Коронал кивнул, и Эремайл подошел ближе. По дороге сюда он думал, что, оказавшись в палатке, скажет:

«Господин, на линии огня стоят владения человека, который не двинется с места и не позволит увести себя силой. Он может уйти только мертвый, а он слишком хороший человек, чтобы погибнуть так. Я прошу вас, господин, остановите летателей. Может, можно выработать какую-нибудь иную стратегию, чтобы разгромить метаморфов, когда они начнут спасаться бегством из зоны огня, но нет нужды простирать разрушение дальше той точки, до которой мы уже добрались, потому что…» Но теперь он видел, что невозможно просить Коронала отложить окончание войны хоть на один час. Ни ради Каттикауна, ни ради Эремайла, ни ради священной Леди Острова не может он остановить летателей в эти последние часы – возможность окончания войны попирала все остальное. Эремайл мог своей властью попытаться задержать летателей, но ни просить Коронала, ни требовать он не мог.

Лорд Стиамот наклонился к нему:

– Что с вами, капитан? Что вас беспокоит? Подойдите. Станьте-ка рядом.

Помолитесь с нами, капитан, присоедините свой голос к благодарности Дивин.

Начался новый гимн. Такой мелодии Эремайл не знал и подпевал, импровизируя. Затем последовал второй гимн, третий – этот Эремайлу был знаком, и он запел, но без души и немелодично. До рассвета оставалось совсем немного. Он быстро отодвинулся в темный угол и выскочил из палатки.

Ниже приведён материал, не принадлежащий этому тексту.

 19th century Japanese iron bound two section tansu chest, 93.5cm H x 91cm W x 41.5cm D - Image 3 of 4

Да, солнце вставало – первые зеленоватые проблески играли на склоне Хайемон; пройдет еще час или немного больше, пока лучи поднимутся по горной стене и осветят обреченное ущелье на юго-востоке. Эремайл почувствовал, что валится с ног, он уже неделю мечтал выспаться. Он высмотрел адъютанта и сказал ему:

– Отправите мое сообщение офицеру на Зугнорском Пике?

– Конечно, капитан.

– Передайте ему, пусть летатели действуют по плану. Я останусь здесь на день и вернусь вечером, когда немного отдохну.

– Хорошо, капитан.

Эремайл отвернулся и посмотрел на запад, все еще укутанный ночным мраком, исключая те места, куда падал отсвет ужасной огненной сферы.

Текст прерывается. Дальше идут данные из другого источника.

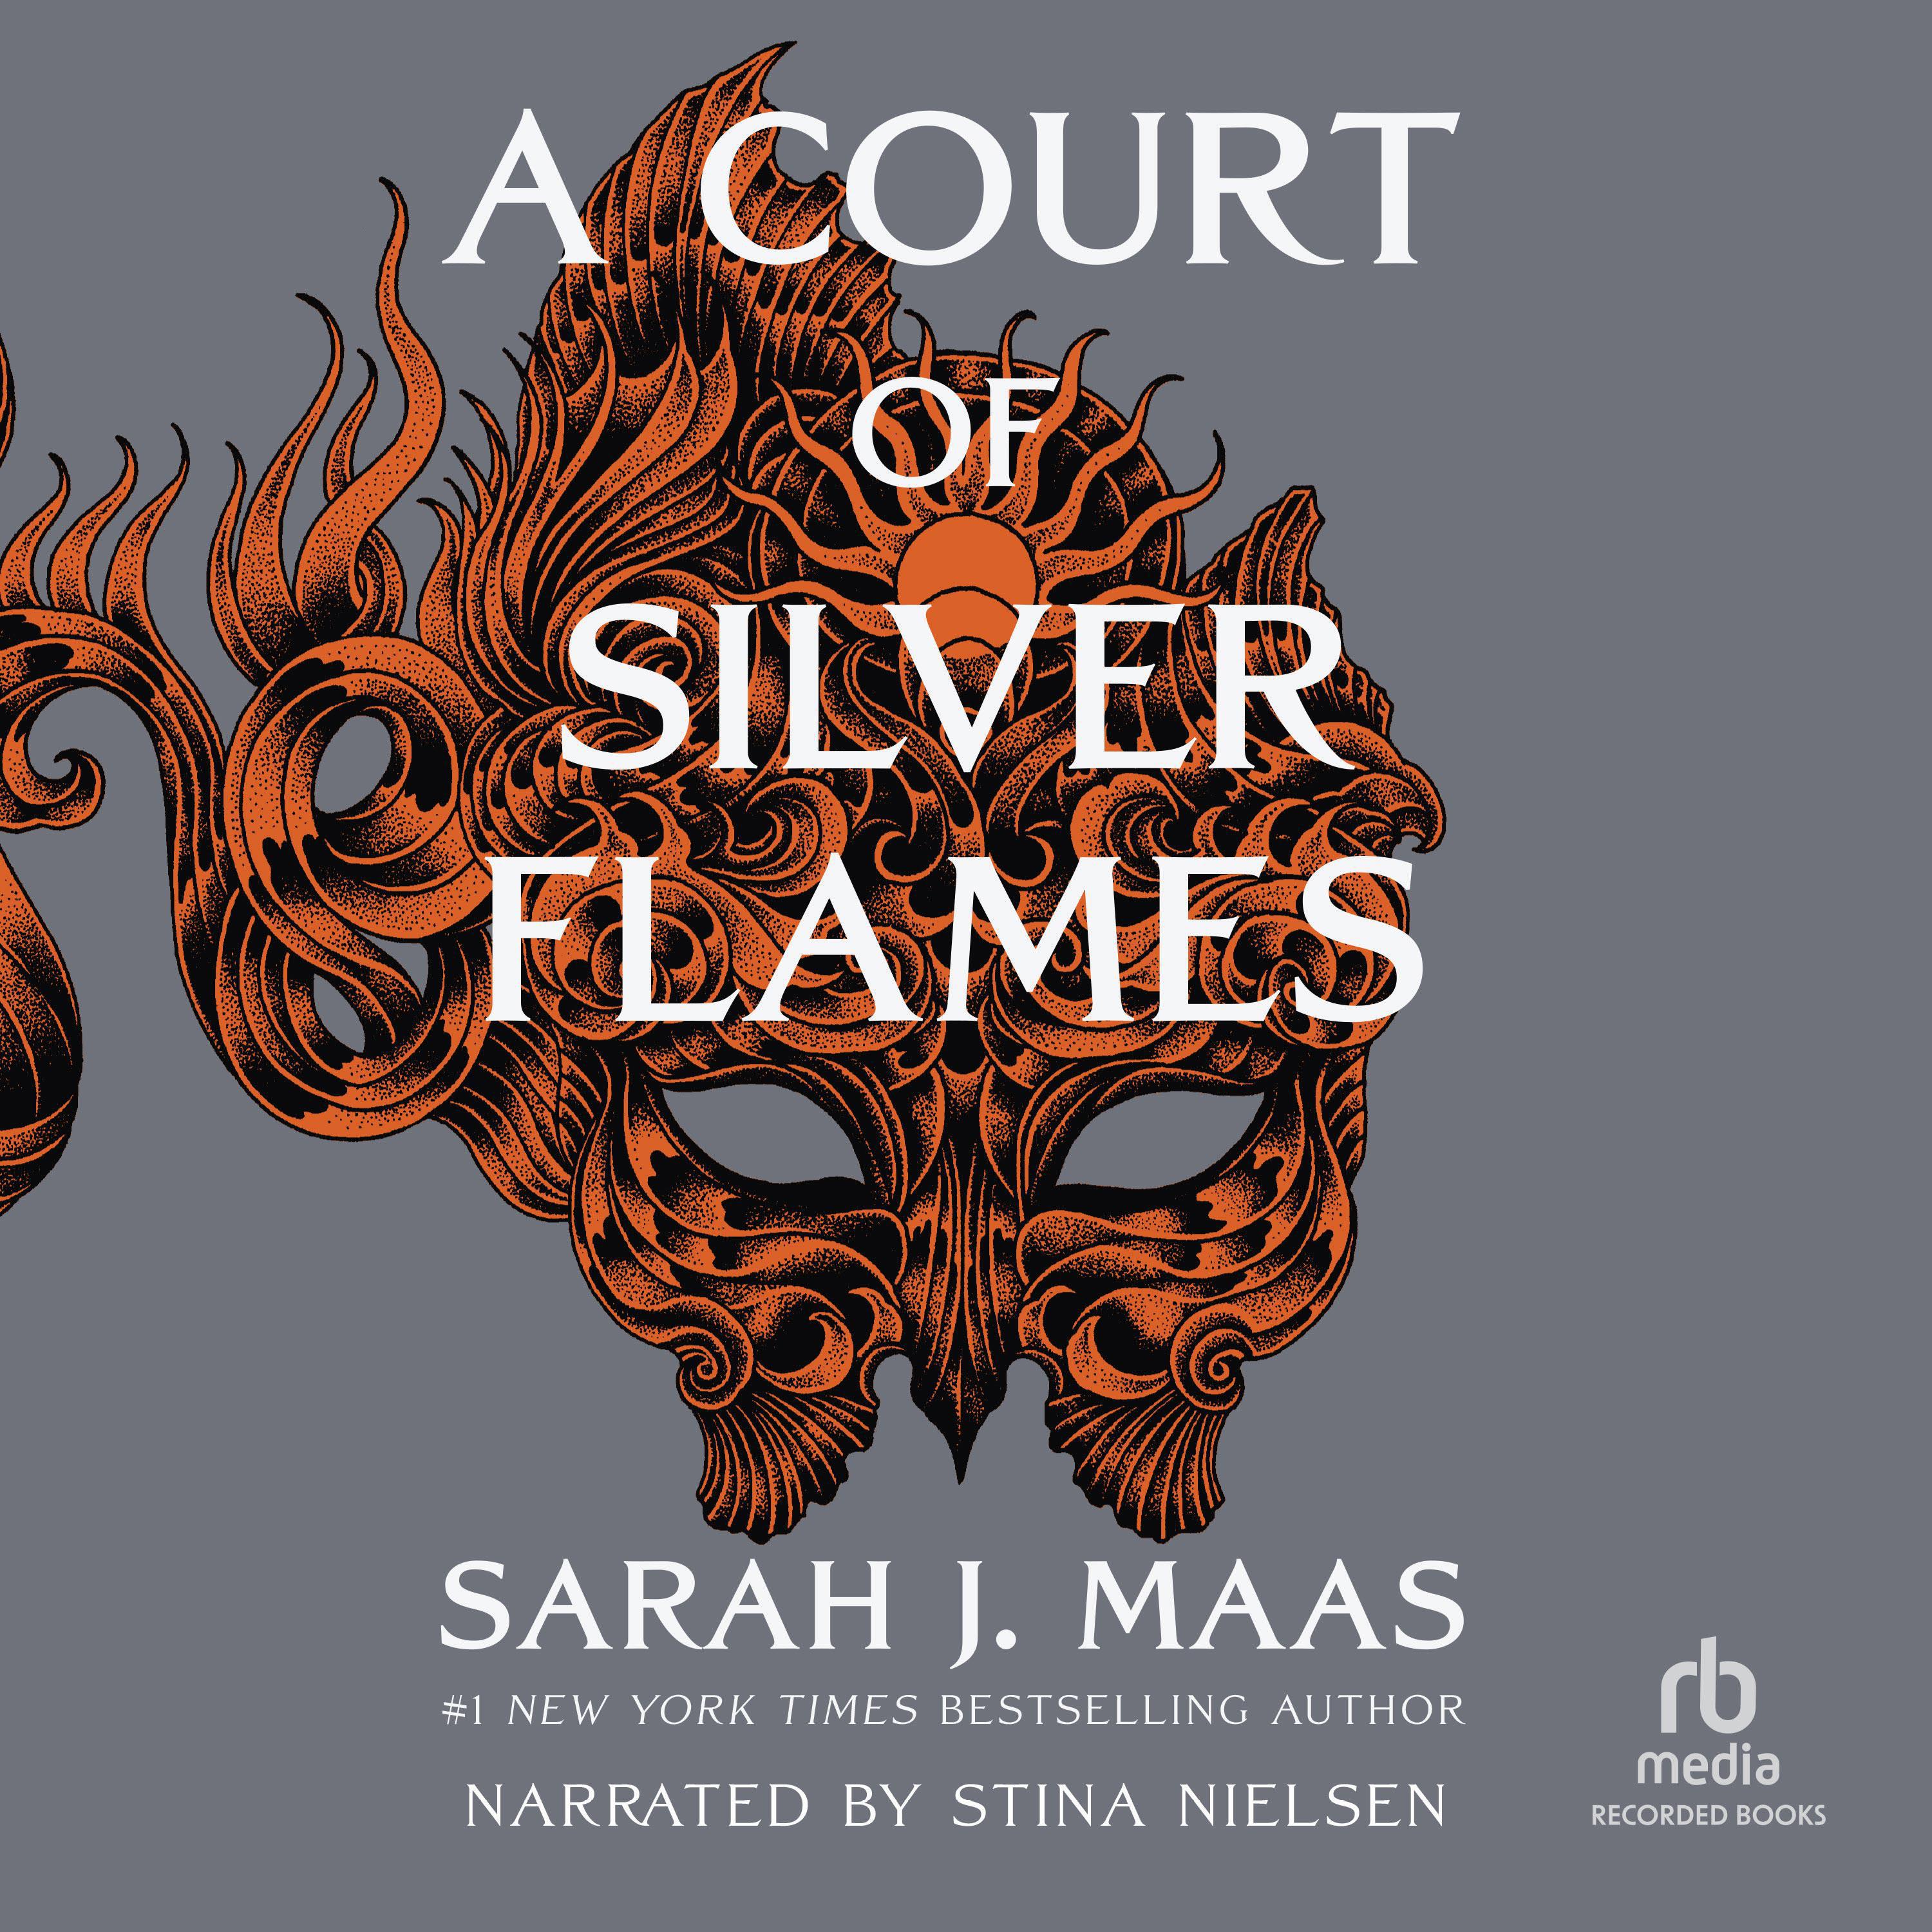 A court of silver flames pdf

Вероятно, Айбил Каттикаун всю ночь был занят тем, что поливал из шлангов и насосов свой дом и земли. Разумеется, это ничего не изменит: огонь такой величины пожрет все на своем пути и ничего не оставит. Айбил Каттикаун сгорит в своем доме, и нет никакой возможности помочь ему. Эремайл мог бы спасти его, рискнув отдать приказ действовать силой, рискнув жизнями неповинных солдат, но скорее всего и тогда не сумел бы. Спасти Каттикауна он мог бы лишь в одном случае: решившись, хоть ненадолго, игнорировать приказ Лорда Стиамота. Но он не посмел, и теперь Каттикаун погиб. После девяти лет, проведенных в походах, подумал Эремайл, я все-таки убил, убил одного из своих…

Он продолжал стоять. Усталость давила на плечи, но еще час или чуть больше он не мог уйти и стоял до тех пор, пока не увидел первые сполохи пламени в предгорье подле Визферна или, может быть, Домгроува и понял, что летатели отправились в утренний полет, начав прокладывать огненную линию.

Война скоро кончится, сказал он про себя. Последние из наших врагов бегут сейчас к побережью, где будут интернированы и отправлены за море. В мире вновь воцарится спокойствие.

Капитан почувствовал жар летнего солнца на спине и жар, вдруг прильнувший к щекам. В мире вновь воцарится спокойствие, подумал он еще раз и пошел искать место, где можно было бы спокойно поспать.

ПЯТЫЙ ГОД ПУТЕШЕСТВИЯ

Вторая запись сильно отличалась от первой, как и ее восприятие. Хиссуне теперь меньше расстраивался и меньше удивлялся; это был печальный и живой рассказ, но он не так глубоко тронул душу, как объятия женщины и Хайрога.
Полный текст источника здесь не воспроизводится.